Task objective
Look in the listing below for the line that has "Lækker botanikprint - Home Junkie flisepynt", then return it and each following line up to and including the one with "Lyst - KTZ Boston", exactly and without pictures.

The data
^^^^
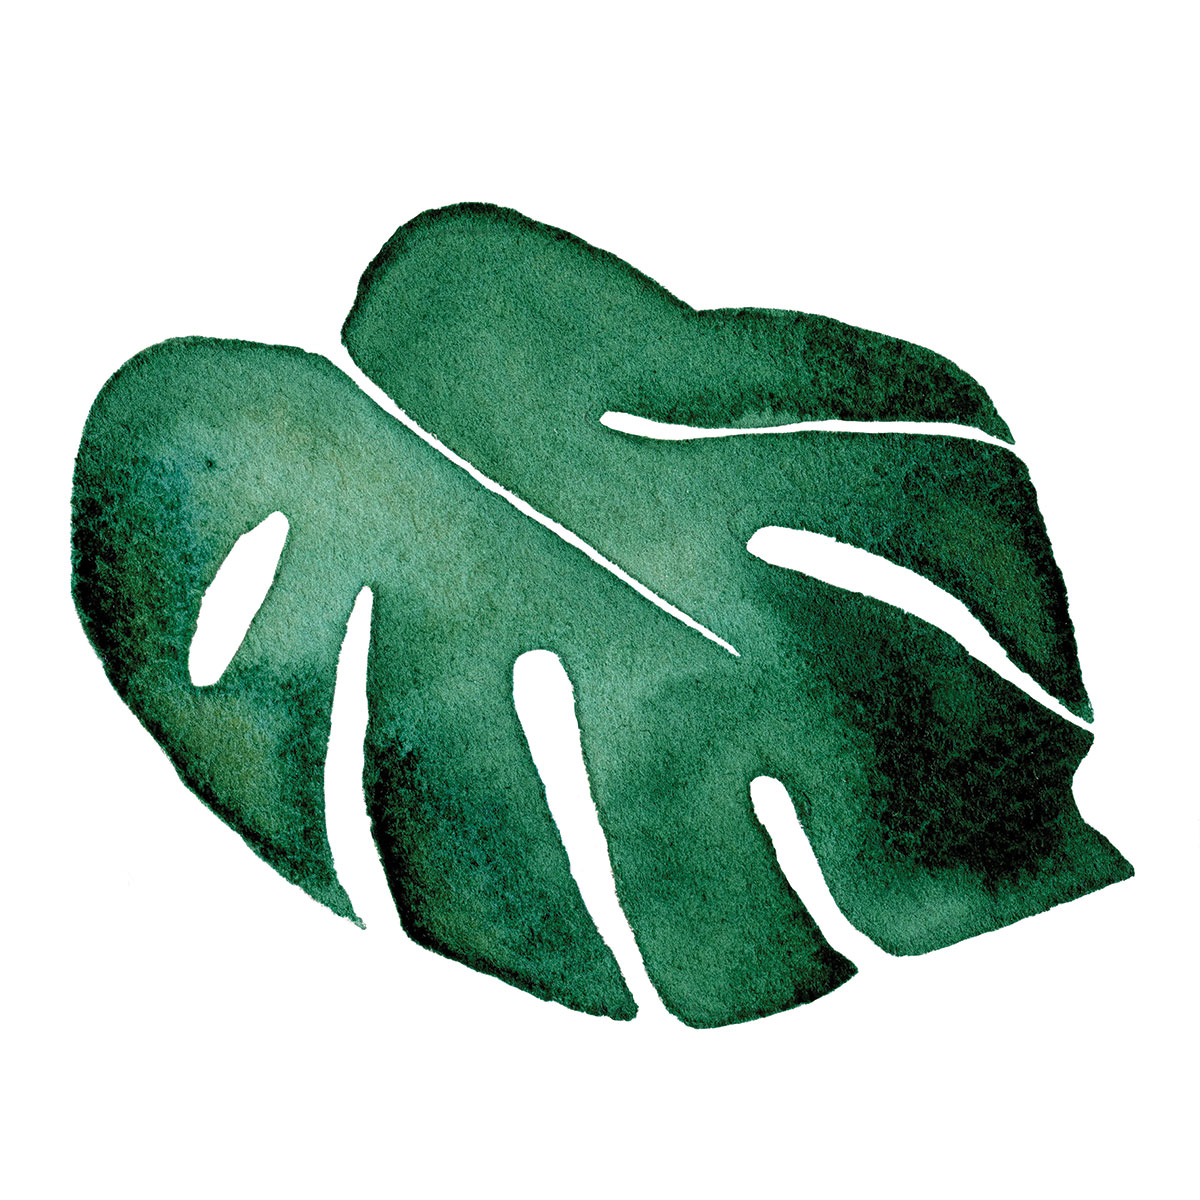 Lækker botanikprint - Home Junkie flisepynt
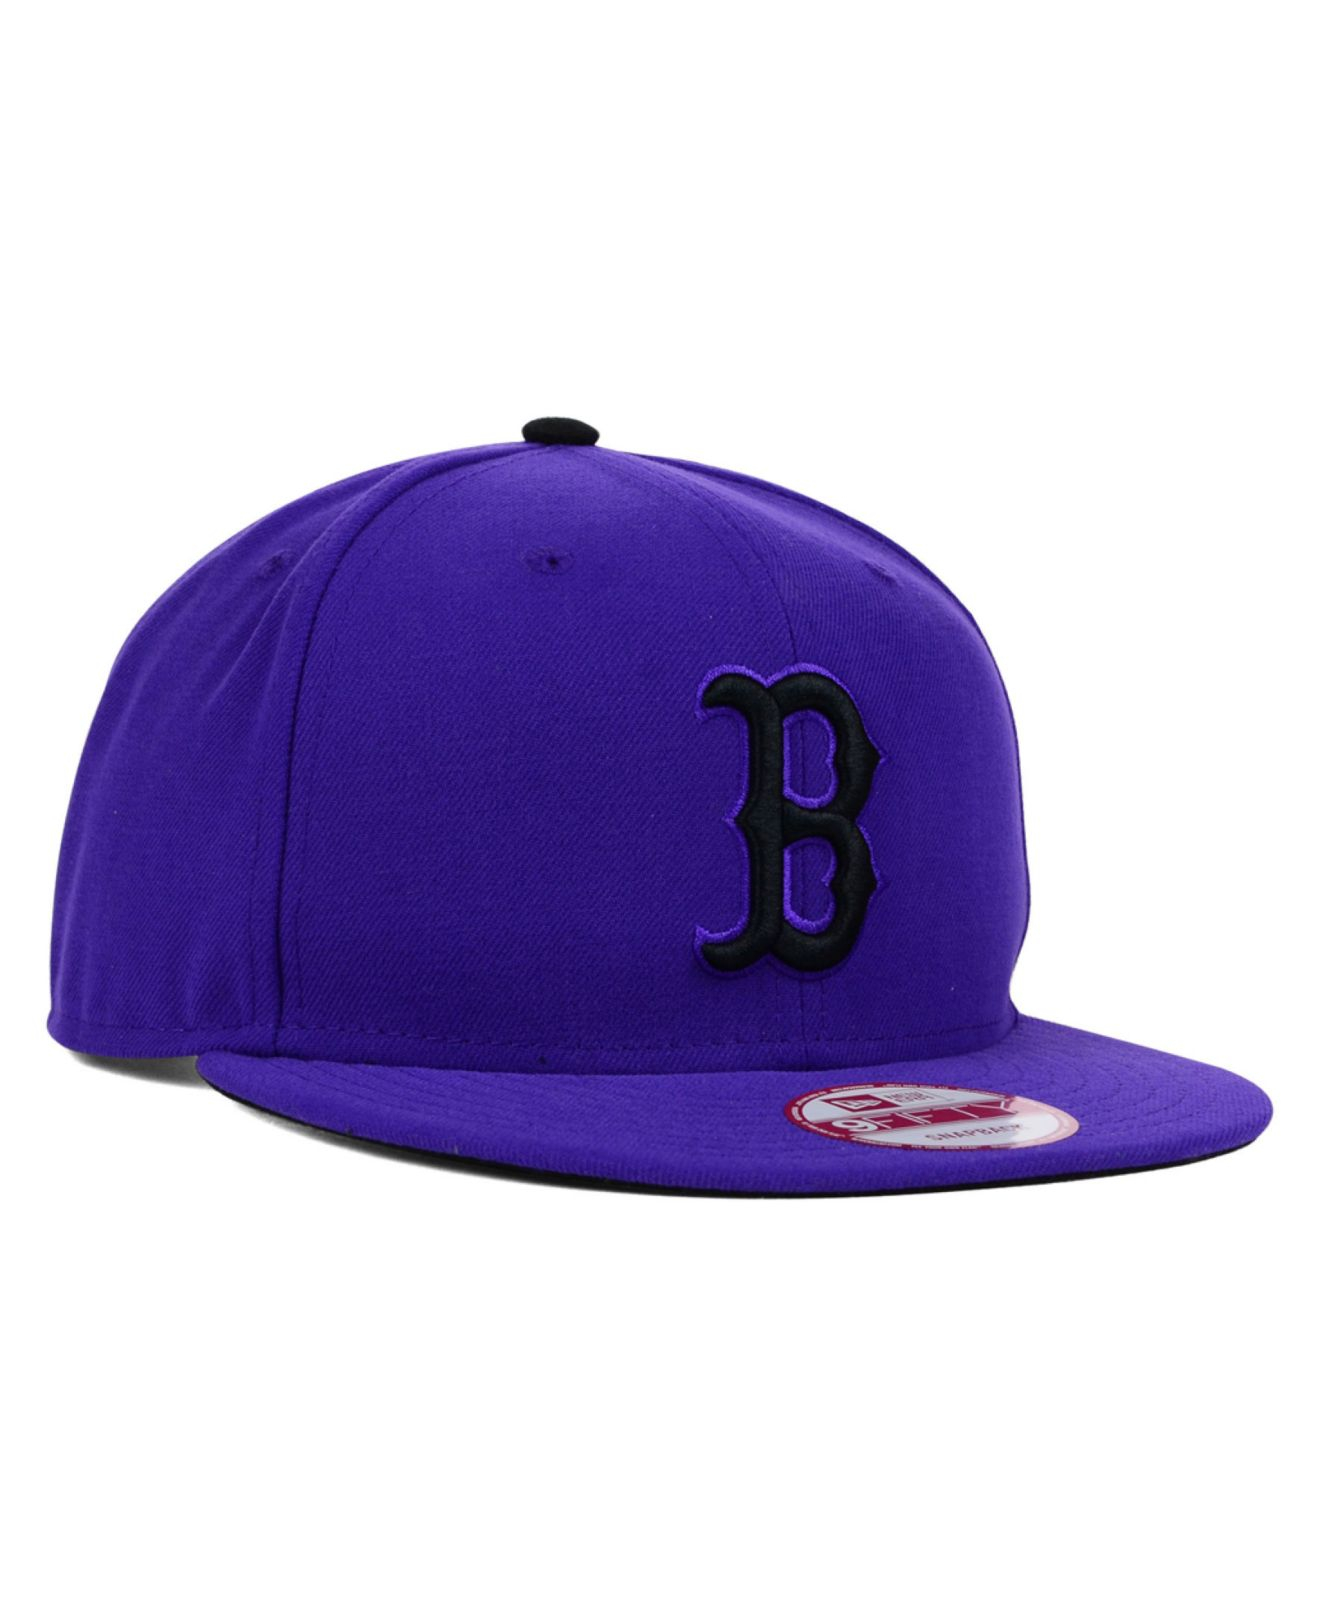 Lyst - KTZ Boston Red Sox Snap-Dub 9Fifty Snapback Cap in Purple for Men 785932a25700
^^^^
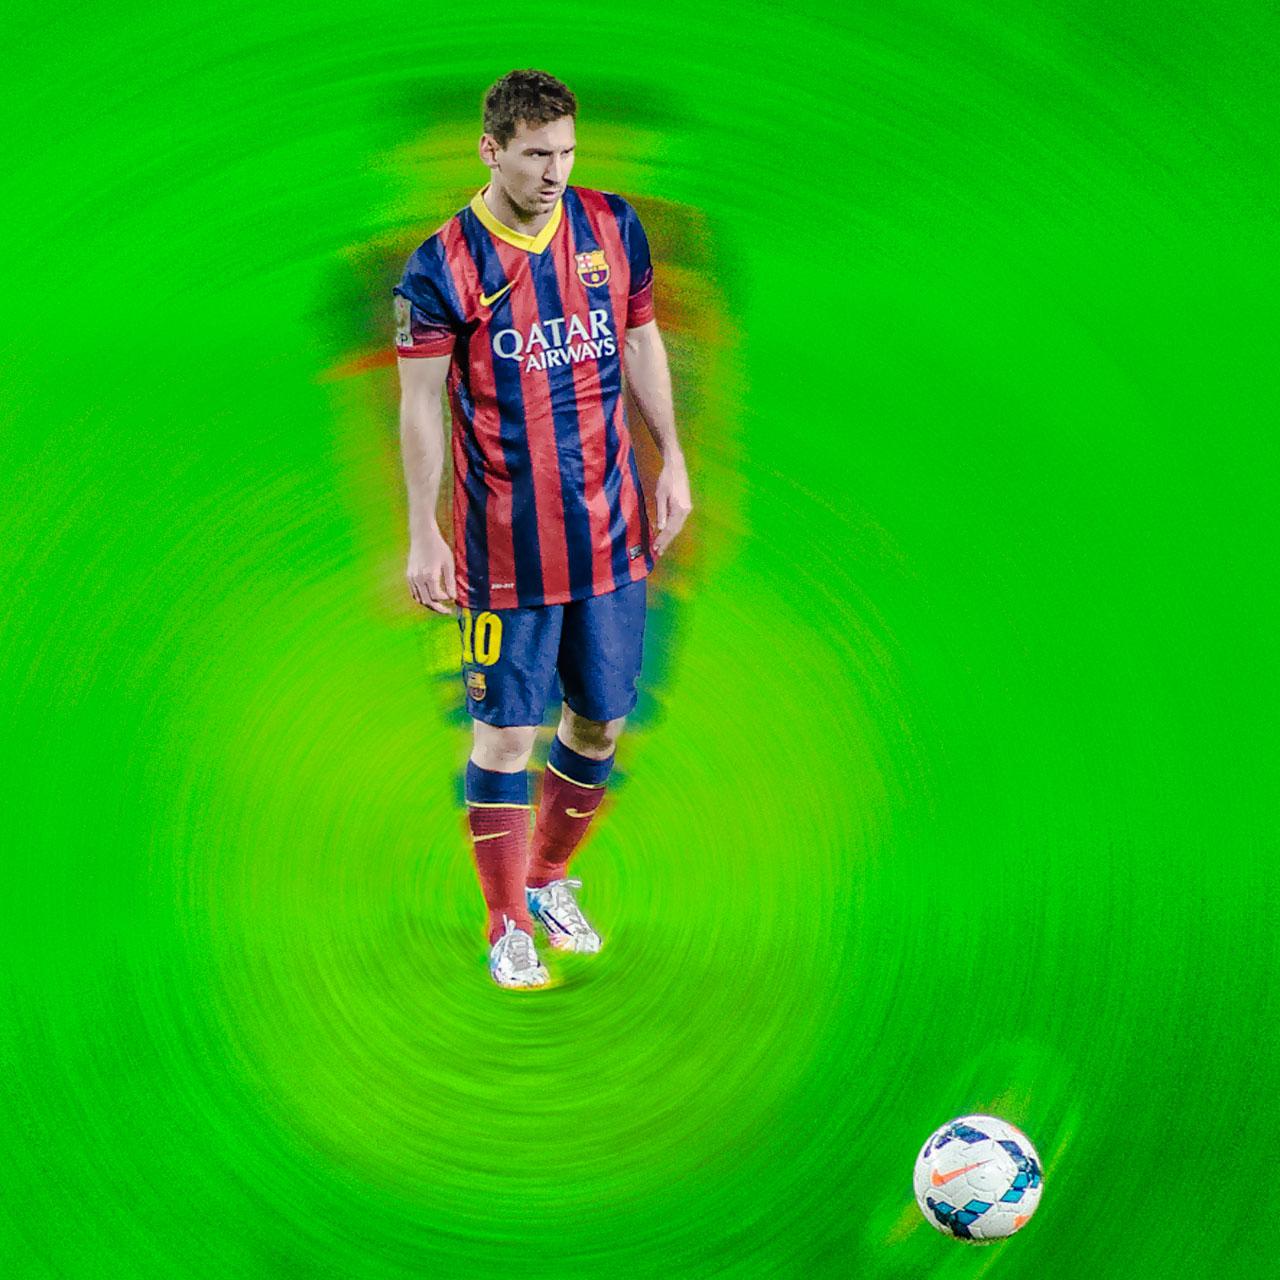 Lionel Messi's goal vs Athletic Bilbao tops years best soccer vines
^^^^
Task solution
 Lækker botanikprint - Home Junkie flisepynt
 Lyst - KTZ Boston Red Sox Snap-Dub 9Fifty Snapback Cap in Purple for Men 785932a25700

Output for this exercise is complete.